If you're using Scrapy, you can use the `from_response` function to create a `TypedSoup` object from a Scrapy response:

```python
from typed_soup import from_response
from scrapy.http.response.html import HtmlResponse

# Assume 'response' is an HtmlResponse object
soup = from_response(response)

# Find an element
element = soup.find("div", class_="example")
if element:
    print(element.get_text())

# Find all elements
elements = soup("p")
for elem in elements:
    print(elem.get_text())
```

Or, without Scrapy, you can explicity wrap a `BeautifulSoup` object in `TypedSoup`:

```python
from typed_soup import TypedSoup
from bs4 import BeautifulSoup

soup = TypedSoup(BeautifulSoup(html_content, "html.parser"))
```


## Supported Functions

I'm adding functions as I need them.
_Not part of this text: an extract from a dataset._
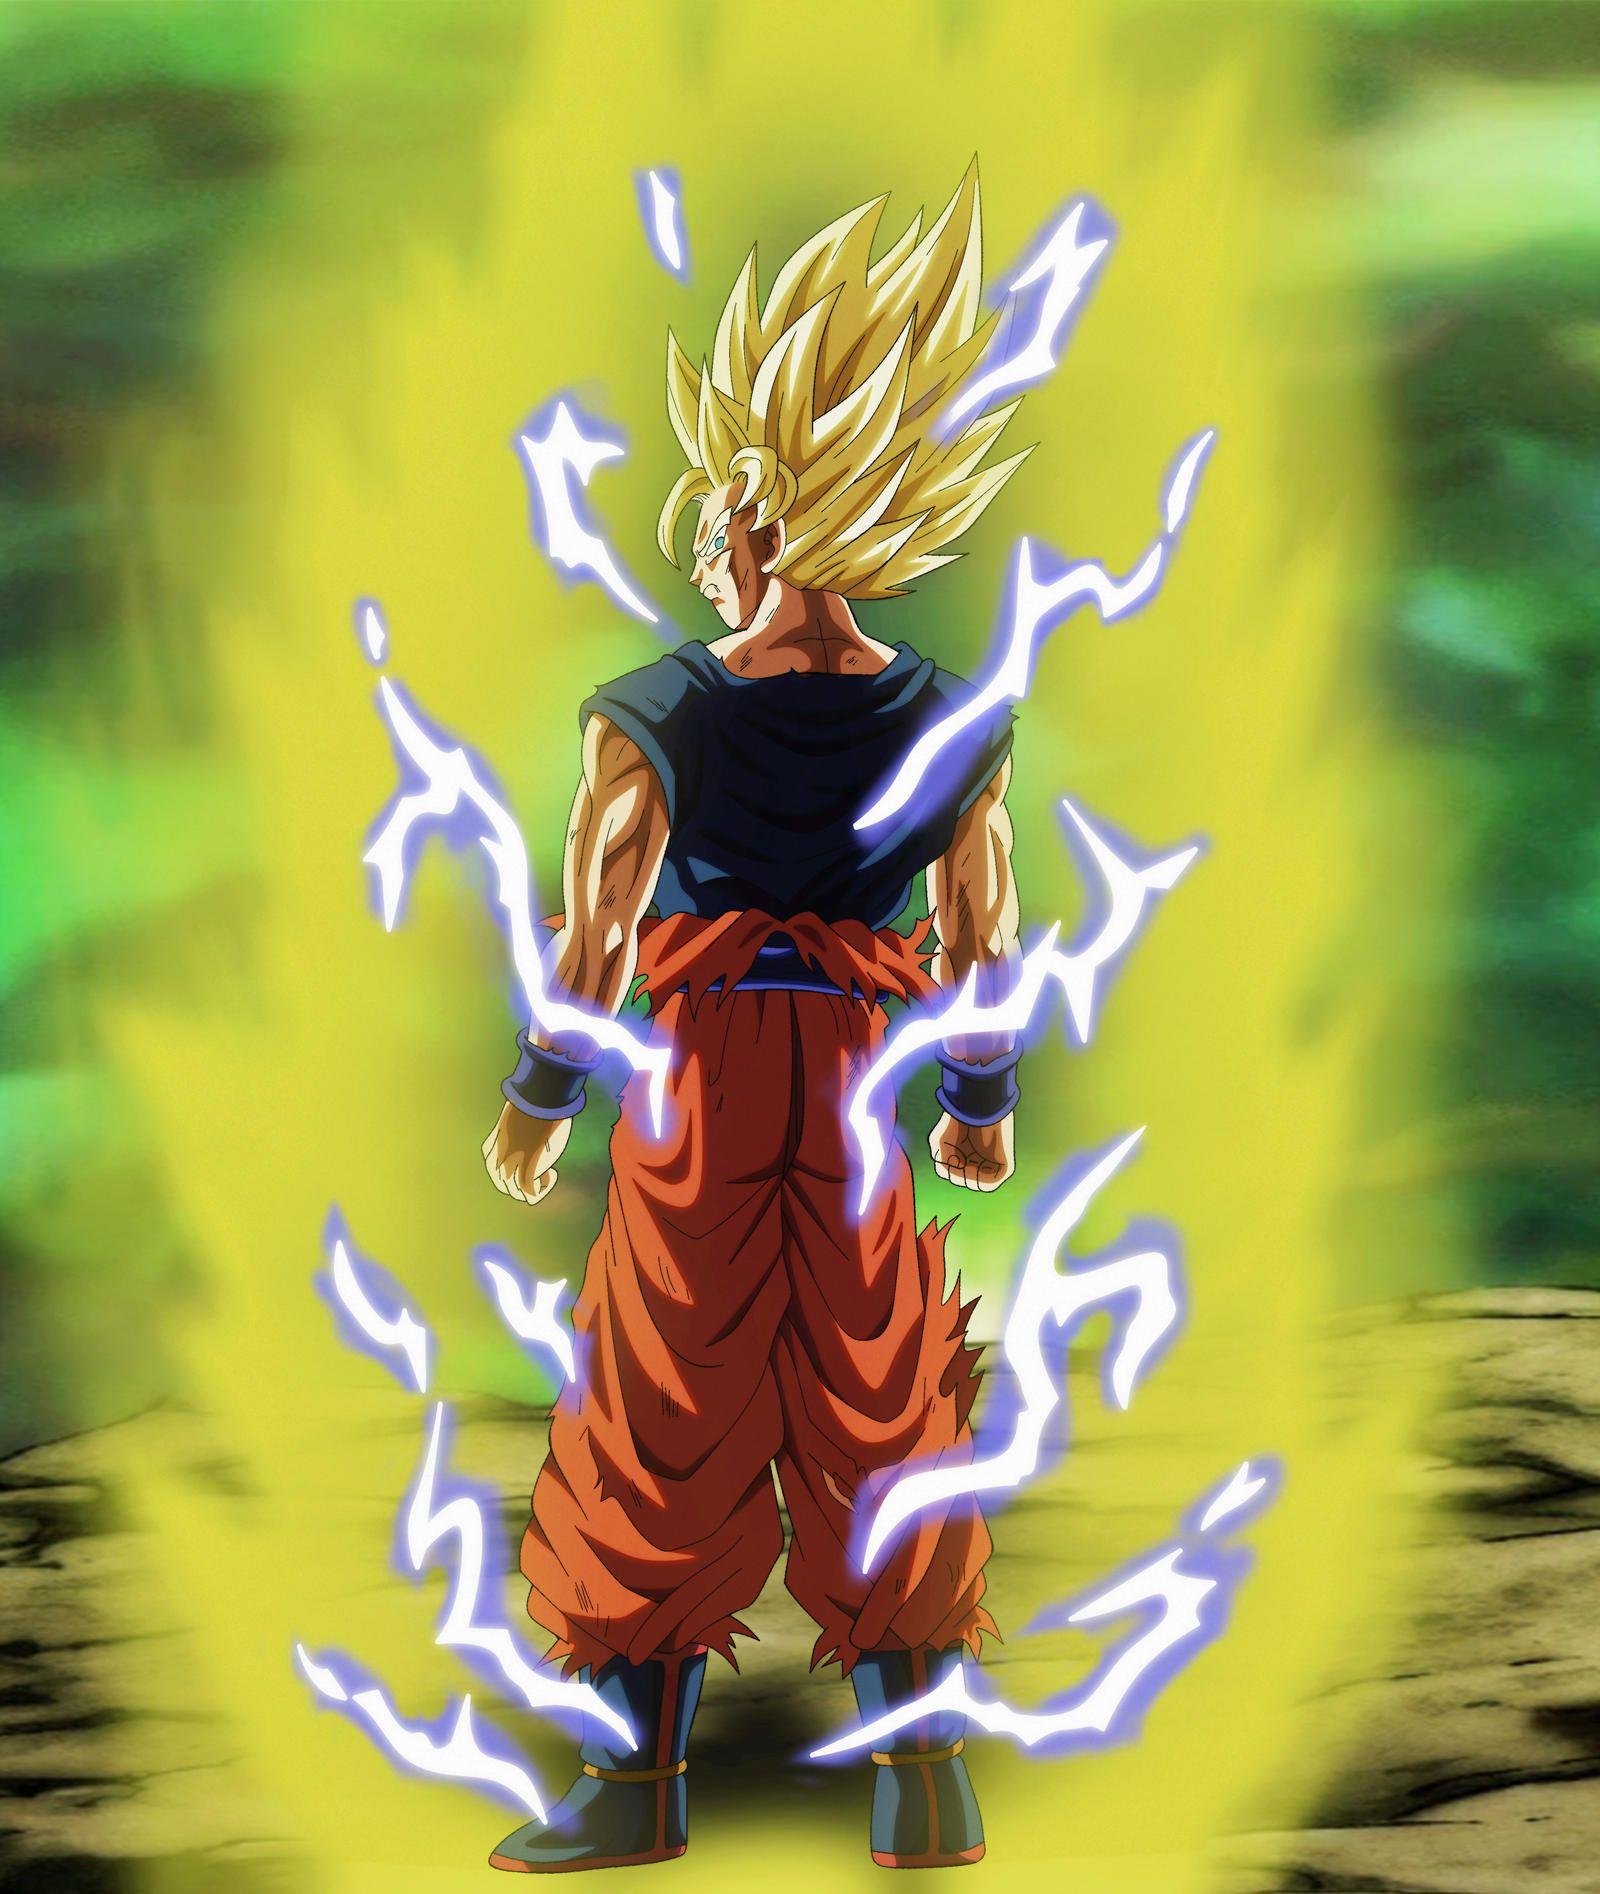 Goku Ssj2 By Andrewdb13 On Deviantart Goku Dragon Ball Z Dragon Ball Super
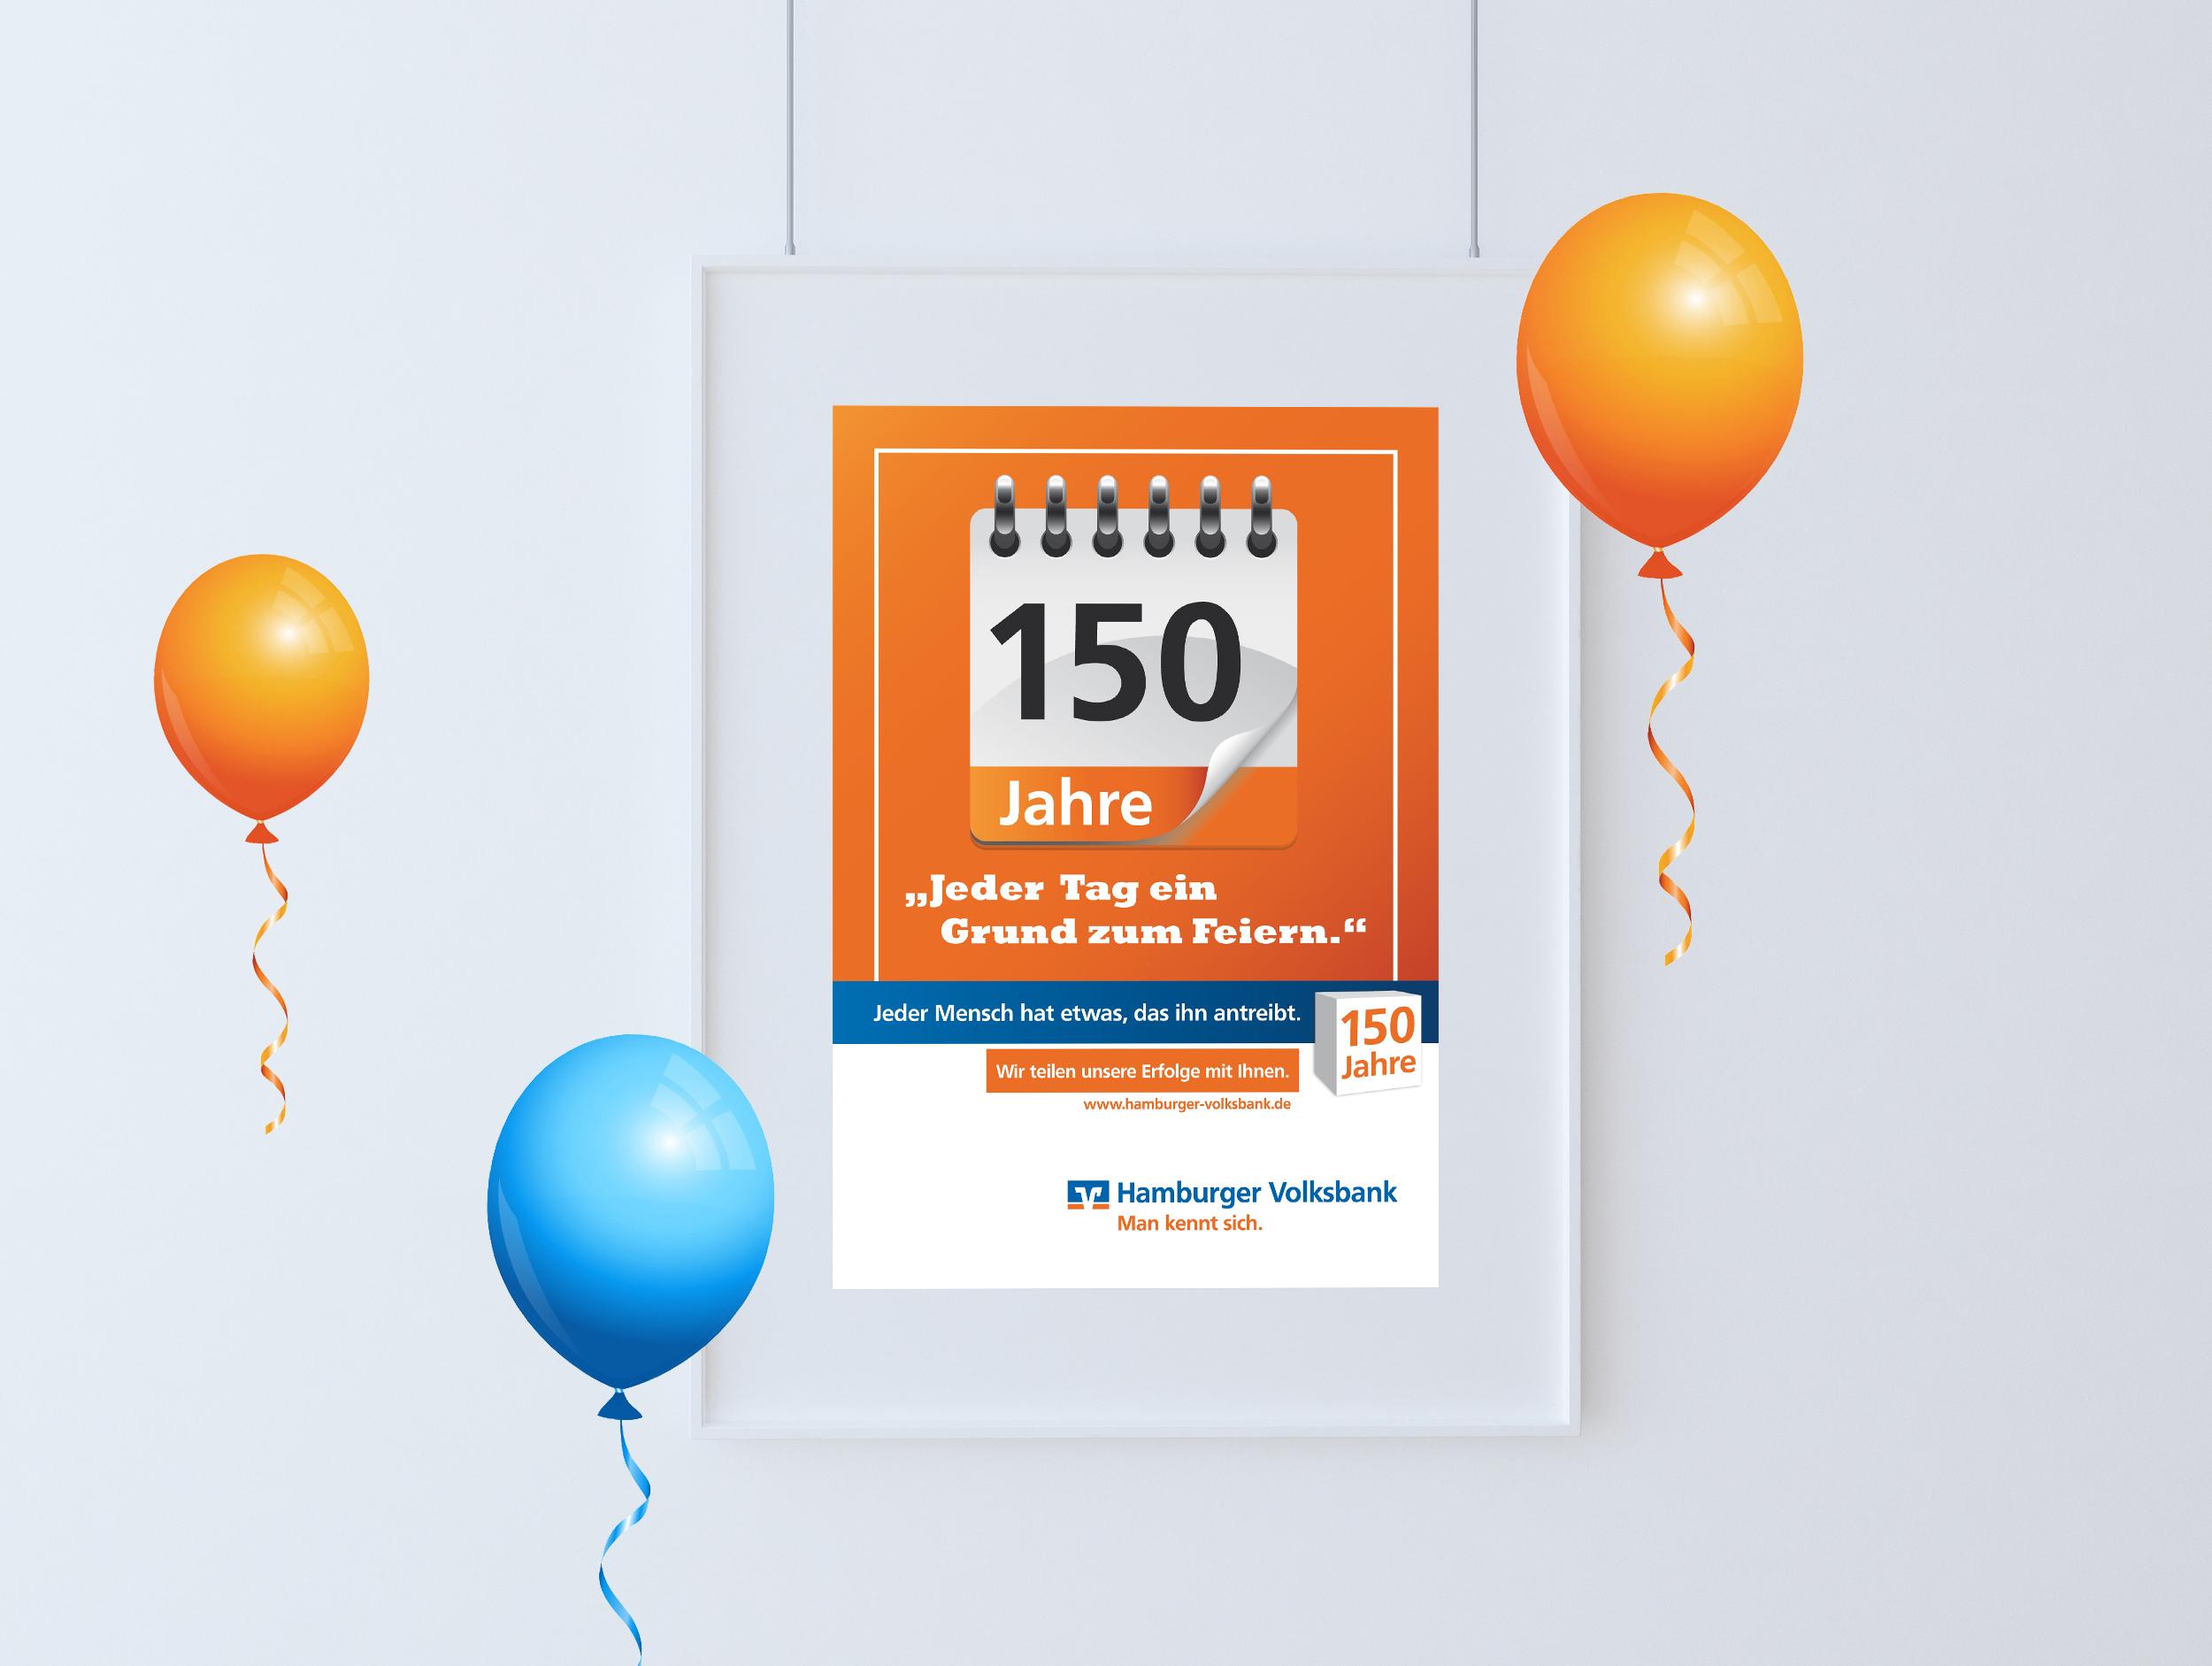 Hamburger Volksbank Jubiläum Plakat

If you have a request, please open an issue.
 These are the ones that I needed for [a dozen spiders](https://github.com/public-law/open-gov-crawlers):

- `find`
- `find_all`
- `__call__` (implicit find_all, e.g. `soup("p")` - standard BeautifulSoup API)
- `get_text`
- `children`
- `tag_name`
- `parent`
- `next_sibling`
- `get_content_after_element`
- `string`

And then these help create a `TypedSoup` object:

- `from_response`
- `TypedSoup`

## Type Safety Benefits

- All methods return properly typed results
- No more `None` surprises - optional values are properly typed and described in the function signatures
- IDE autocomplete support for all methods
- Static type checking support with mypy/pyright
- Runtime type validation for BeautifulSoup results

## License

This project is licensed under the MIT License.